White Sorghum (Sorghum bicolor(L.) Moench) Bran Extracts Suppressed IgE Production by U266 Cells

Sorghum, Sorghum bicolor (L.) Moench, is the fifth most important cereal crop in the world. In this study, we identified the IgE production-suppressing activity of white sorghum bran extracts. White sorghum is one of the genotypes of sorghum. White sorghum bran extracts in 10 mM sodium phosphate buffer (pH 7.4) suppressed IgE production in human myeloma cell line U266. The extracts suppressed IgE production by decreasing mRNA transcription level of IgE, but they did not affect IgA or IgG production of mice splenocytes in vitro. Heat treatment and trypsin digestion did not affect IgE production-suppressing activity. The white sorghum bran extracts were fractionated by ultrafiltration, and the molecular weight of the active substance was estimated to be less than 1,000.

Anti-Allergic Effect of a Hot-Water Extract of Quince (Cydonia oblonga)

We examined the effect of a crude hot-water extract (HW) of quince (Cydonia oblonga Miller) fruit on type I allergy in vivo and in vitro. The oral administration of the quince HW-added diet to NC/Nga mice for 63 d showed a significant decrease in the development of atopic dermatitis-like skin lesions under conventional conditions. The concentration of IgE in the serum collected from mice fed with quince HW was also lowered in a dose-dependent manner. Moreover, we found that quince HW inhibited the release of beta-hexosaminidase from rat basophilic leukemia cell line RBL-2H3 after a 24-h treatment. The quince HW fraction of less than 3 kDa reduced the mRNA expression of the high-affinity IgE receptor (FcepsilonRI) gamma subunit. These results suggest that quince HW had an inhibitory effect on type I allergy by suppressing IgE production and IgE-mediated degranulation.
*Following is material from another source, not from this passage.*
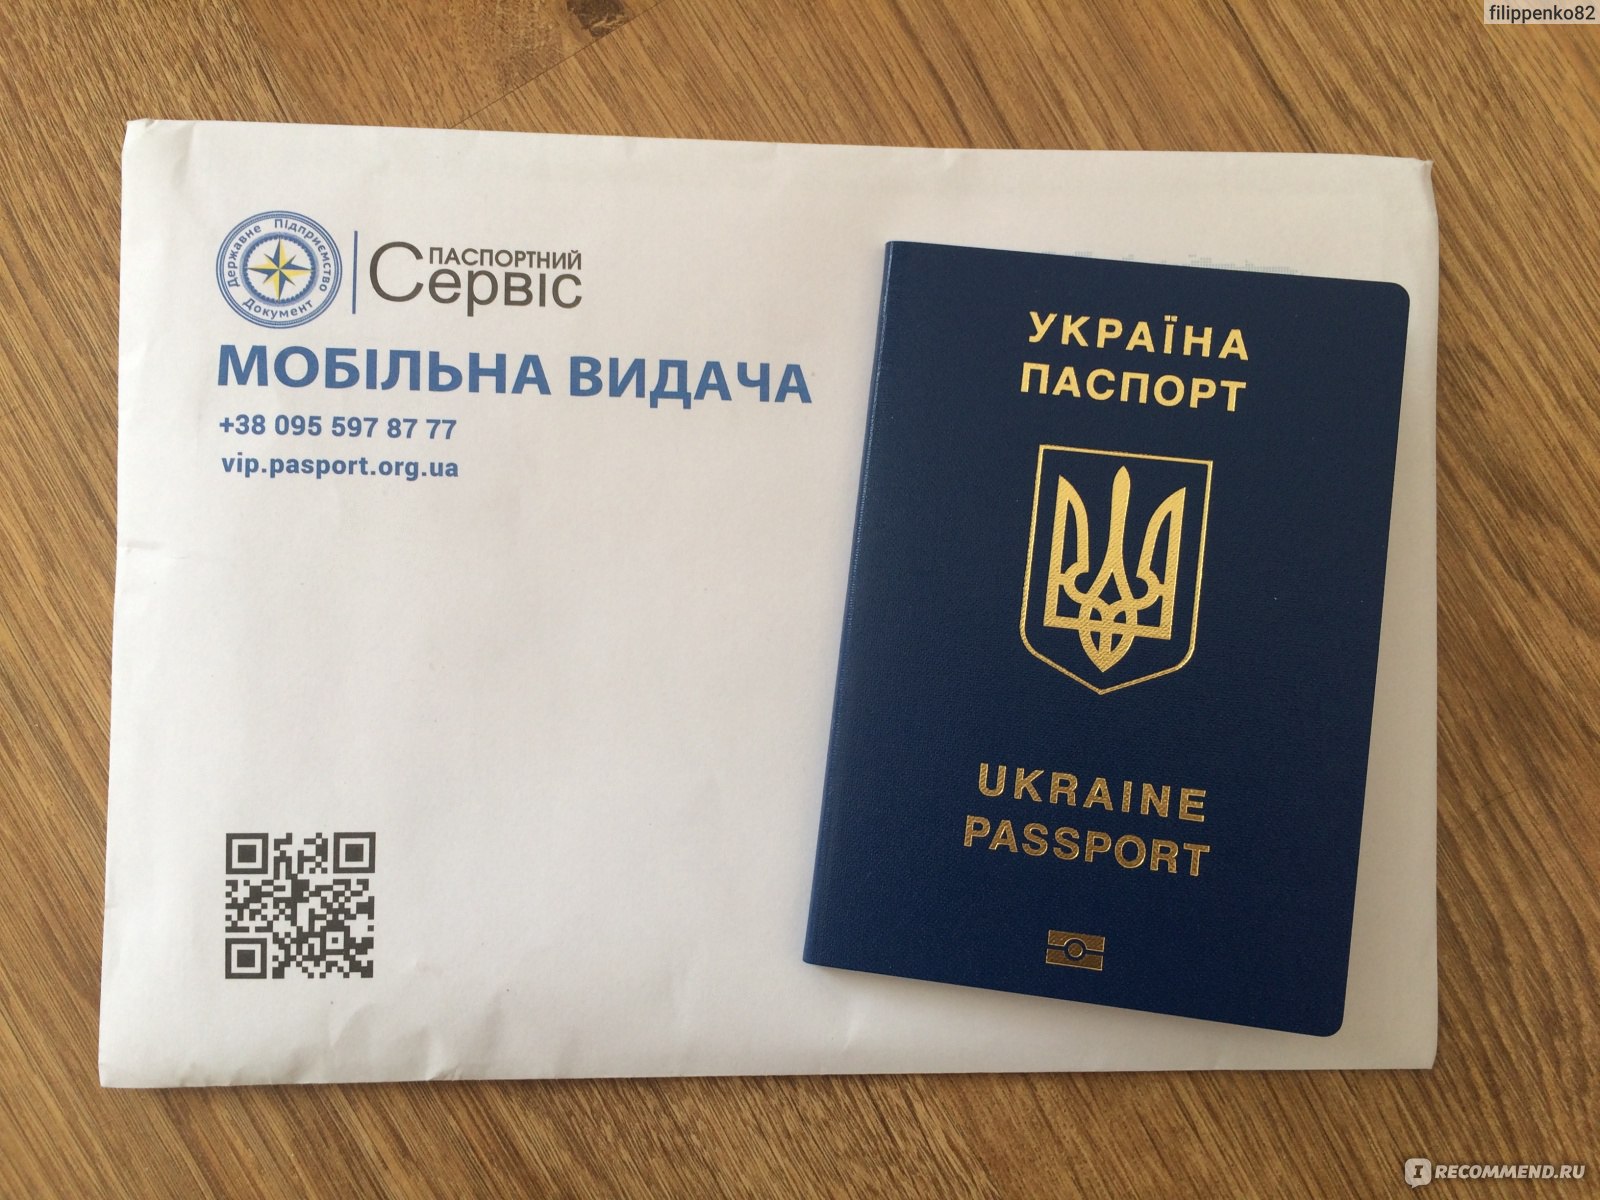 Посольство Украины загранпаспорт

Peritoneal injection of fucoidan suppresses the increase of plasma IgE induced by OVA-sensitization

We previously reported that fucoidan, a dietary fiber purified from seaweed, inhibited IgE production by B cells in vitro. In this study, we examined the effect of fucoidan on IgE production in vivo. The OVA-induced increase of plasma IgE was significantly suppressed when fucoidan was intraperitoneally, but not orally, administered prior to the first immunization with OVA. The production of IL-4 and IFN-γ in response to OVA in spleen cells isolated from OVA-sensitized mice treated with fucoidan in vivo was lower than that from mice treated without fucoidan. Moreover, the flow cytometric analysis and ELISpot assay revealed that the administration of fucoidan suppressed a number of IgE-expressing and IgE-secreting B cells, respectively. These results indicate that fucoidan inhibits the increase of plasma IgE through the suppression of IgE-producing B cell population, and the effect of fucoidan in vivo is crucially dependent on the route and timing of its administration.